Left atrium mass in a patient with breast cancer: a case report
Sugawara et al. Journal of Medical Case Reports
Left atrium mass in a patient with breast cancer: a case report
Yu Sugawara 0
Ryuji Okamura 2
Shigeki Taniguchi 1
0 Department of Internal Medicine, Yamatotakada Municipal Hospital , 1-1, Isono-Cho, Yamatotakada-Shi, Nara-Ken , Japan
1 Department of Cardiovascular Surgery, Nara Medical University , 840, Shijo-Cho, Kashihara-Shi, Nara-Ken , Japan
2 Department of Surgery, Yamatotakada Municipal Hospital , 1-1, Isono-Cho, Yamatotakada-Shi, Nara-Ken , Japan
Background: Left atrial thrombi have traditionally been treated with heparin and warfarin, and many physicians have limited experience with direct oral anticoagulants such as apixaban. Furthermore, the efficacy of apixaban for the treatment of left atrial thrombi has not been established. We experienced a case of left atrial thrombus formation before breast cancer surgery, which was resolved by apixaban. Case presentation: Computed tomography for a 74-year-old Japanese woman with breast cancer incidentally revealed a left atrial mass with a root before the breast surgery. The mass was surgically removed and determined to be a thrombus. Before the breast surgery, transthoracic echocardiography was performed again, and the left atrial thrombus had recurred within only 14 days. It resolved after administration of apixaban. Conclusions: A left atrial thrombus might recur within a very short time. Apixaban might be an alternative to warfarin in patients with breast cancer and left atrial thrombus.

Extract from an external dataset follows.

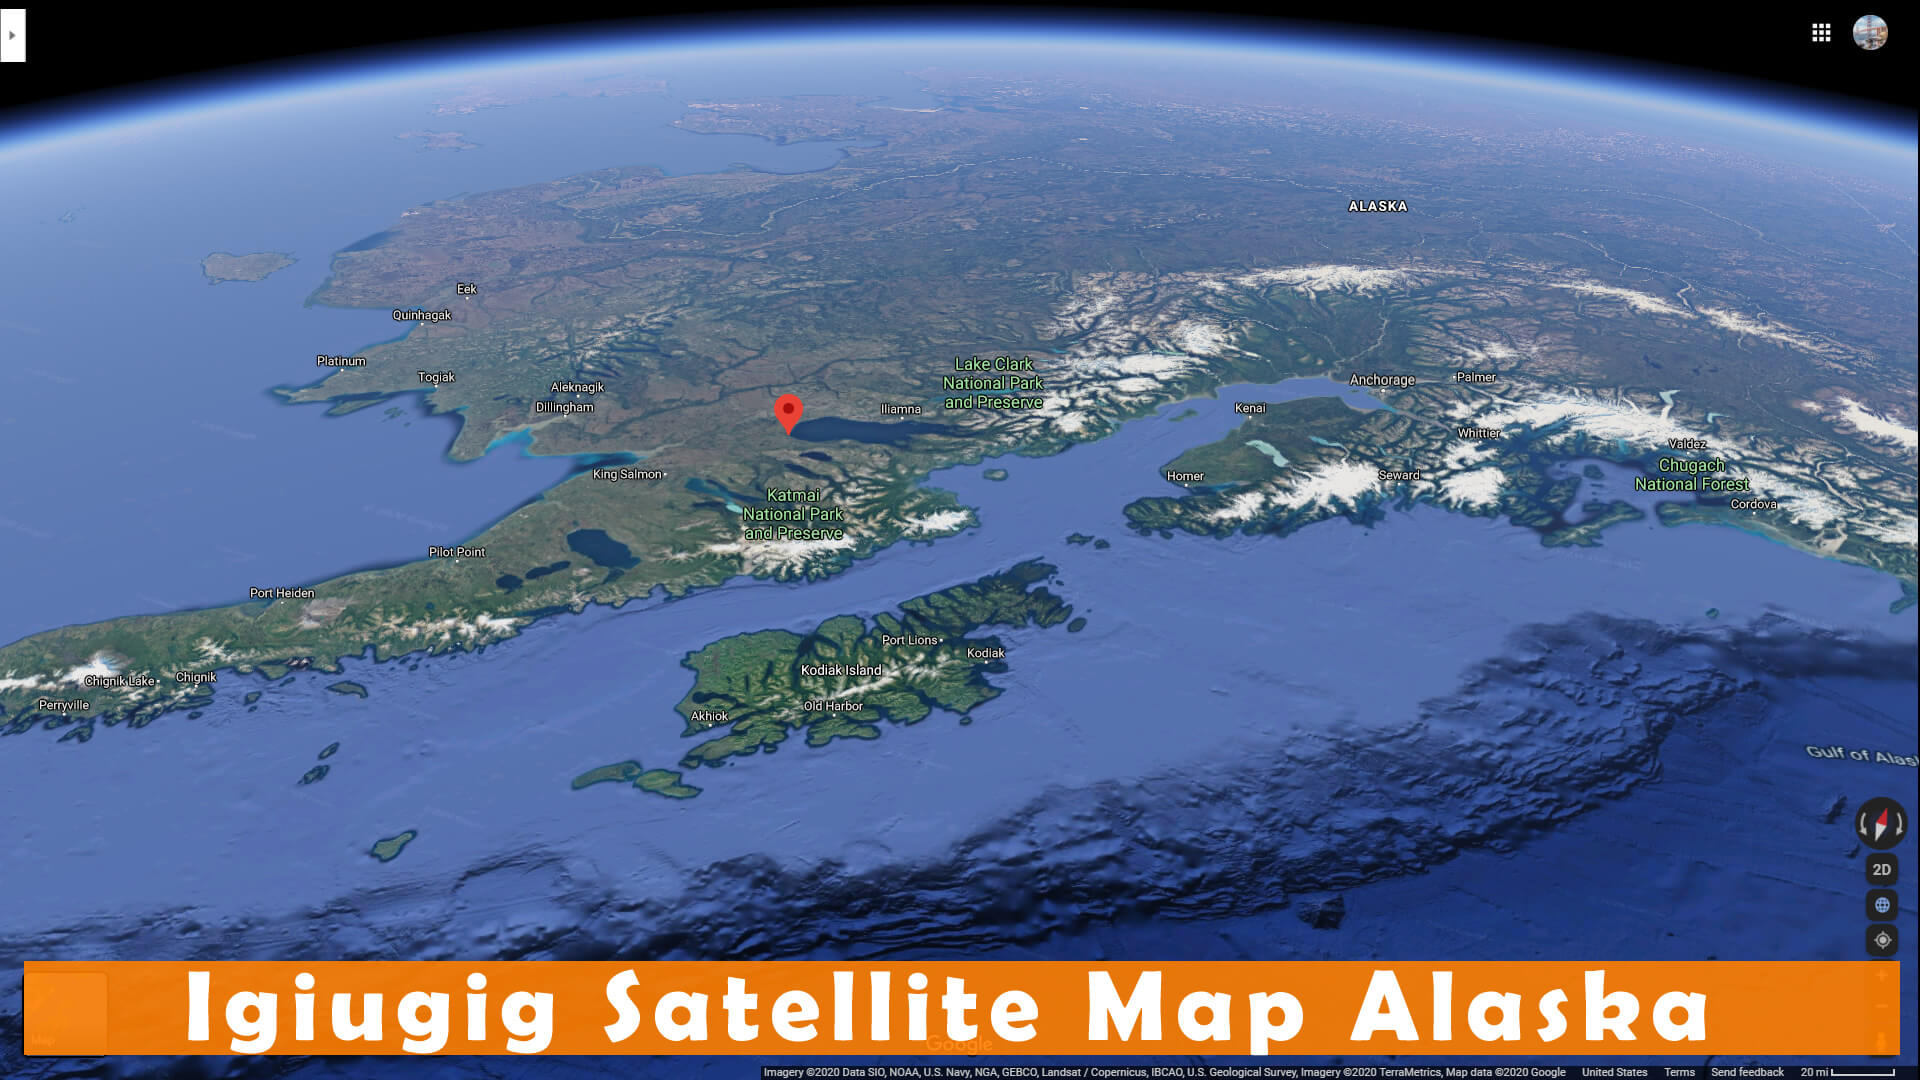 Igiugig Satellite Map Alaska

Apixaban; Thrombus; Left atrial mass
Left atrial thrombus is one of the differential diagnoses
of a left atrial mass and is usually observed in the left
atrial appendage. Historically, left atrial thrombi have
been treated with heparin and warfarin. Recently, direct
oral anticoagulants (DOACs) have been developed, and
the superiority of DOACs to warfarin in preventing
stroke and reducing bleeding has been demonstrated
. However, the efficacy of a DOAC such as apixaban
for the treatment of left atrial thrombus has not been
established. We experienced a case of a left atrial mass
in a patient with breast cancer. The mass was a thrombus
that recurred in only 14 days and then resolved
completely after approximately 2 months of apixaban
A 74-year-old Japanese woman (height 136 cm; weight
40 kg) without systemic disease presented to our
hospital with a palpable 15-mm mass in her left breast that
was identified as stage I breast cancer. Before surgery for
removal of the mass, a contrast-enhanced pulmonary
computed tomography (CT) was performed and showed
a mass approximately 30 × 30 mm in her left atrium
Based on transthoracic echocardiography (TTE), her
left ventricle ejection fraction was 65.3 % and her left
atrial diameter was 42 mm; the mass was 33 × 30 mm, it
had a root, it was located on the surface of the septal
wall, and was oscillating (Fig. 2). An electrocardiogram
showed paroxysmal atrial fibrillation. Her chest
radiography was normal. Her CHA2DS2-VASc score was
2, CHADS2 score was 0, and HAS-BLED score was 1.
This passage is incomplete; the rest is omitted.